Thank you very much for the advice. I'm going to start practicing for the UCAT straight after my exams and throughout my summer holidays. And again, thank you very much for the example paragraph. It's going to help me a lot with my personal statement.
Reply 5
Original post by ErasistratusV
If you're doing work experience in hospital, try to get a handle on what patients are entering a department and why and what happened to them for them to be there. Then the same on their way out of the department. What happens next and why? Quiz doctors and nurses as you go, write stuff down. Think of questions before you get near the place as it can be overwhelming when you are there at first.
What diagnostic tests/checks are done? Why? What are they looking for?
If you get a chance to talk to actual patients, ask what you think of their care to date. Ask what qualities they think doctors should have, any examples of interactions they had with healthcare they didn't rate and why?
Absolutely go at the UCAT like a demon possessed, practice practice practice.

Thanks for giving me a good idea on the questions that I should be thinking of before i start my placement. This is going to help me out a lot.
Reply 6
Original post by Anonymous_7871
This is great advice. Don’t put much emphasis on work experience and personal statement, most unis don’t even read it . Your priorities should be your A level and UCAT. Then interview afterwards (take this from someone who is starting med school in sept and been through the application process twice )

I'll definitely put the majority of my focus on my UCAT, especially after I finish my exams, because a few of my friends have said the same thing. Thanks alot for the advice.
Original post by Yohan1
I'm considering taking a gap year to apply for medicine I applied for economics this year but I don't think it will be right for me my a-levels are chem,econ and maths.

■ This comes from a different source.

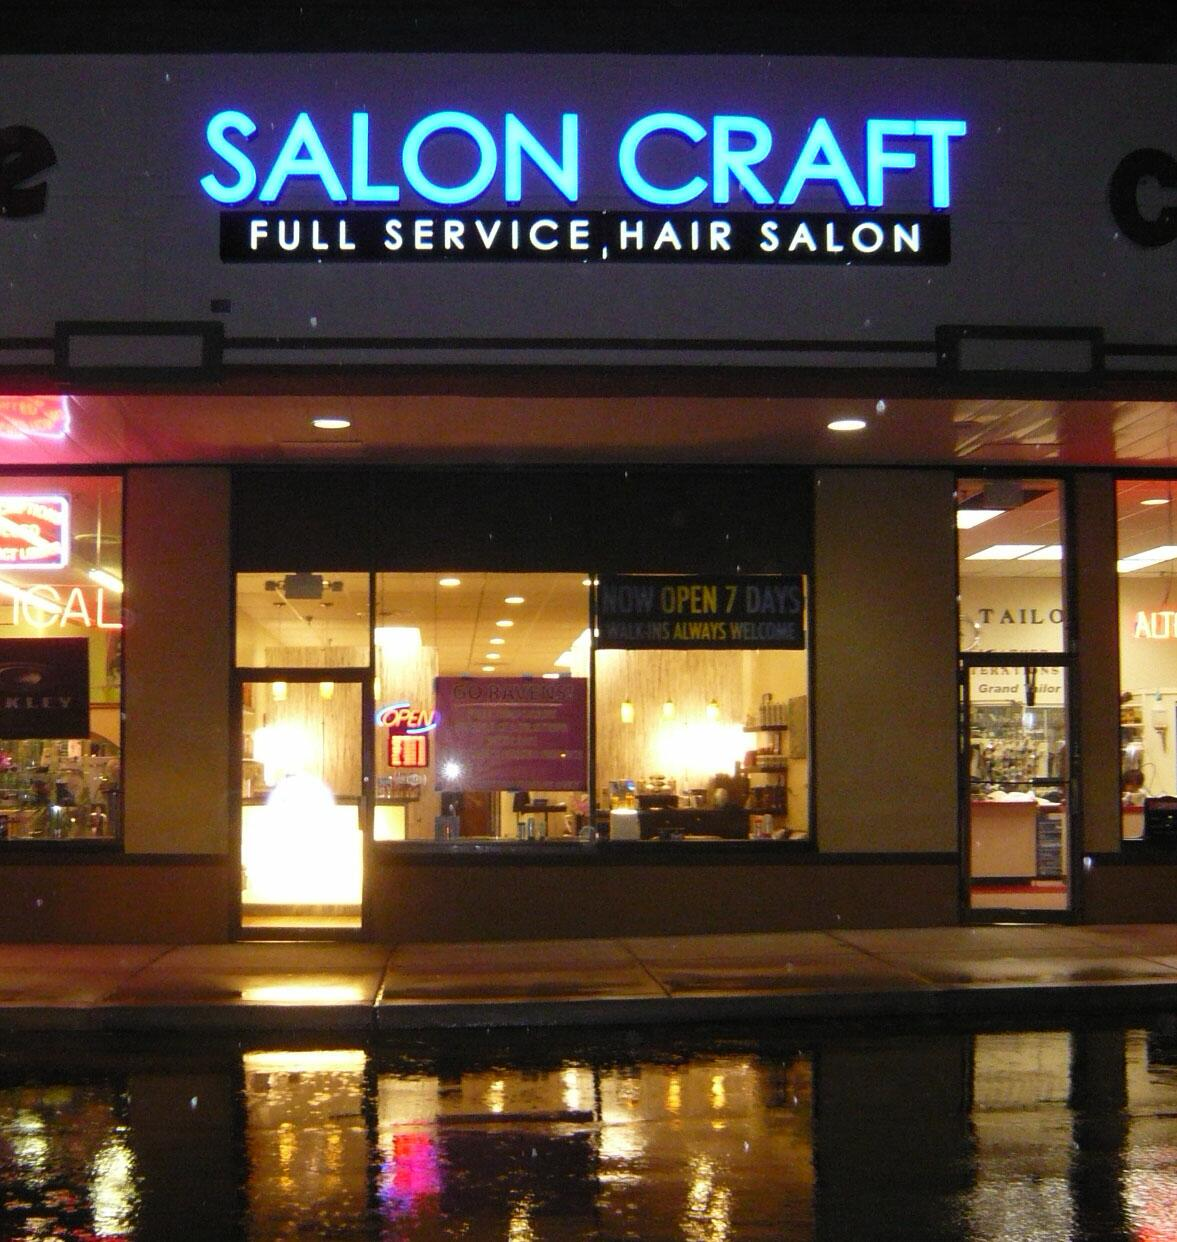 Lutherville Timonium Salon Craft Hair Salon Implements

I've applied for work experience at my local hospital I was just wondering if anyone had any advice for me on what I could do to maximise my work experience placement i.e what questions to ask, what to try and put in my personal statement about my work experience. And just anything else I could do to increase my chance of being accepted.

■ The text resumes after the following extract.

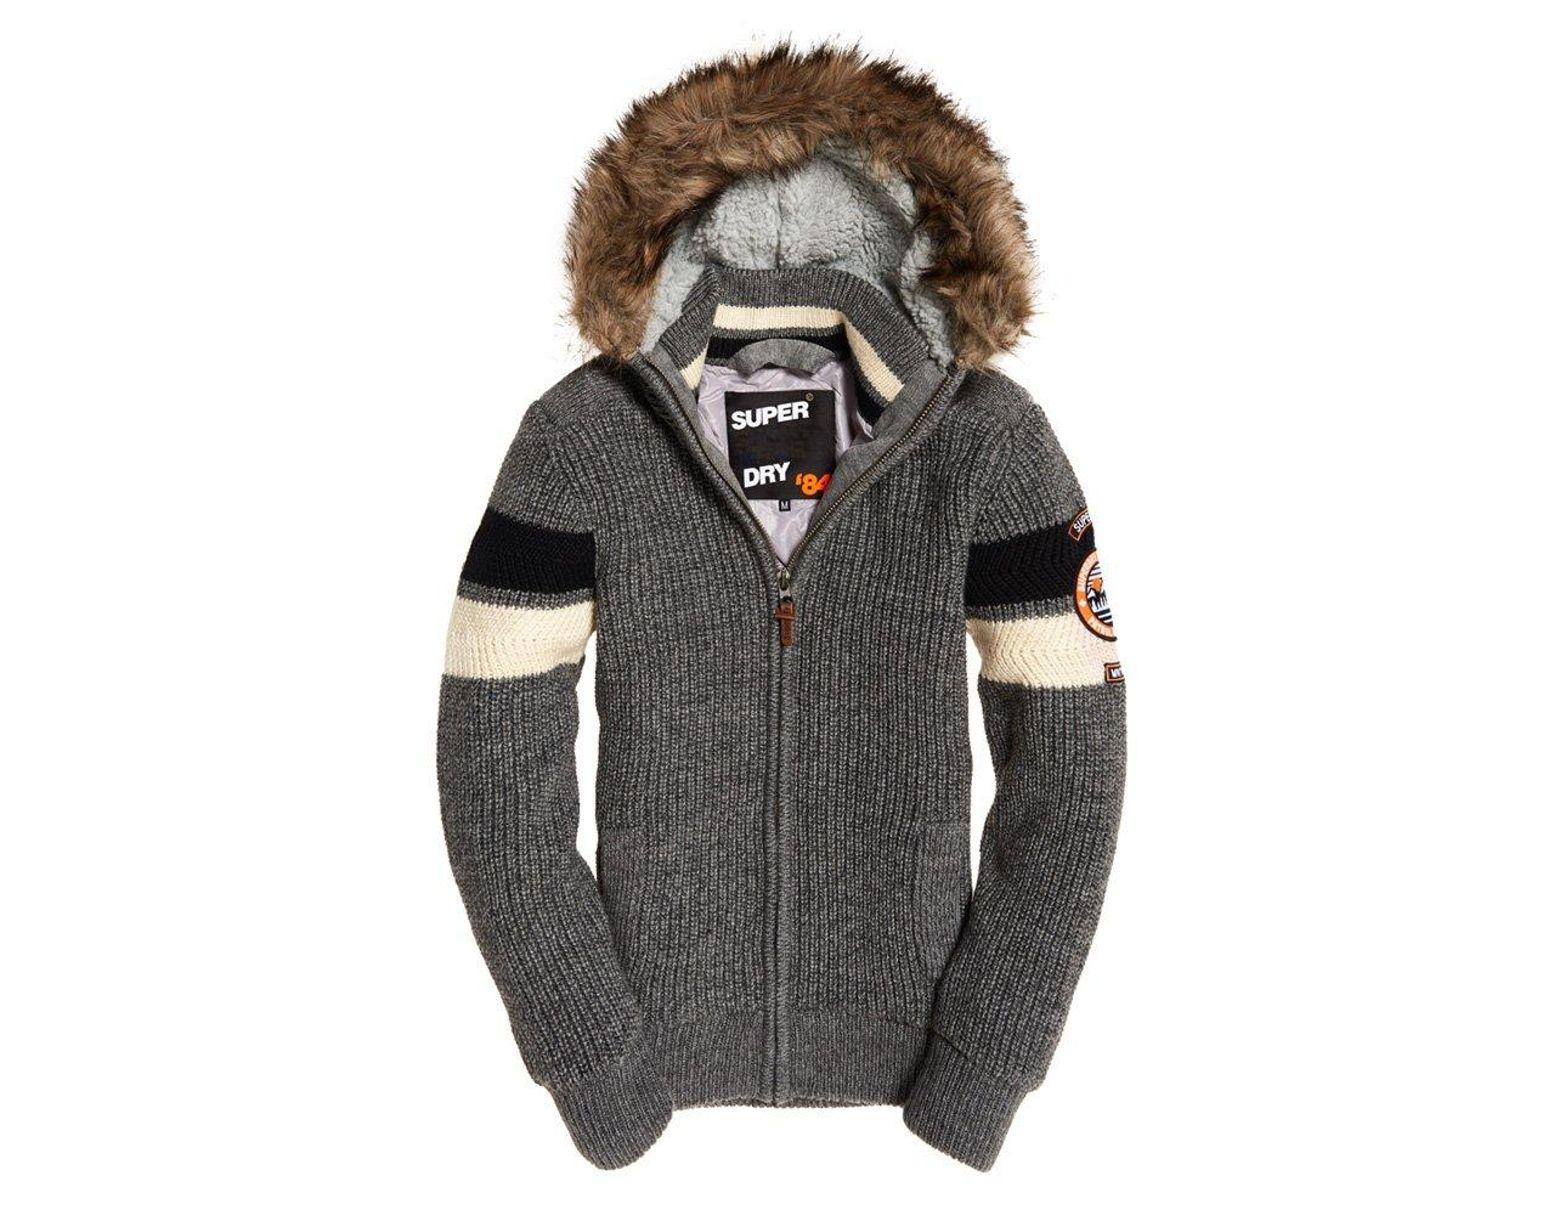 243096c8 Superdry Super Ski Dog Hoodie in Gray for Men - Lyst

Hey one feedback I got from an interview was my mention of various work experiences. I think you should see the qualities possessed by healthcare workers and reflect on this and how you wish to embody them. Reflect on aspects of teamwork, diagnostic acumen, communication etc. During my hospital placement, I got to talk and translate for patients = big thing I mentioned. I managed to forge connections with patients and really felt like I was getting a glimpse of the different roles a doctor plays and the holistic approach in med. Ask about challenges, their motivations, how they think med is changing and how they keep up with the field (due to its dynamic nature). As others have said, focus on the UCAT after but do space out your practice to avoid burnout (seen this in one too many candidates). Target sections that you know you could do well in (DM and QR = easiest to get a perfect score in) and take it easy on VR (usually everyone's worst section ngl). Be as involved during your placement as possible to show commitment (I ended up getting a chance to do work designing posters on Dermatitis in different languages after mine).
Reply 8
If I get to the interview process and get asked about my work experience placement. Would the questions be mainly about something I mentioned in my personal statement and how i reflected upon that experience. If the question is likely to be similar to that, is it bad if you mention something you wrote in your personal statement. I'll definitely try and get my DM and QR sections up as a priority after I start practicing for the UCAT and I should be good for not burning out since it will be the summer holidays so I'll have time to relax but i'll definitely keep it in mind when studying for it. Thanks again.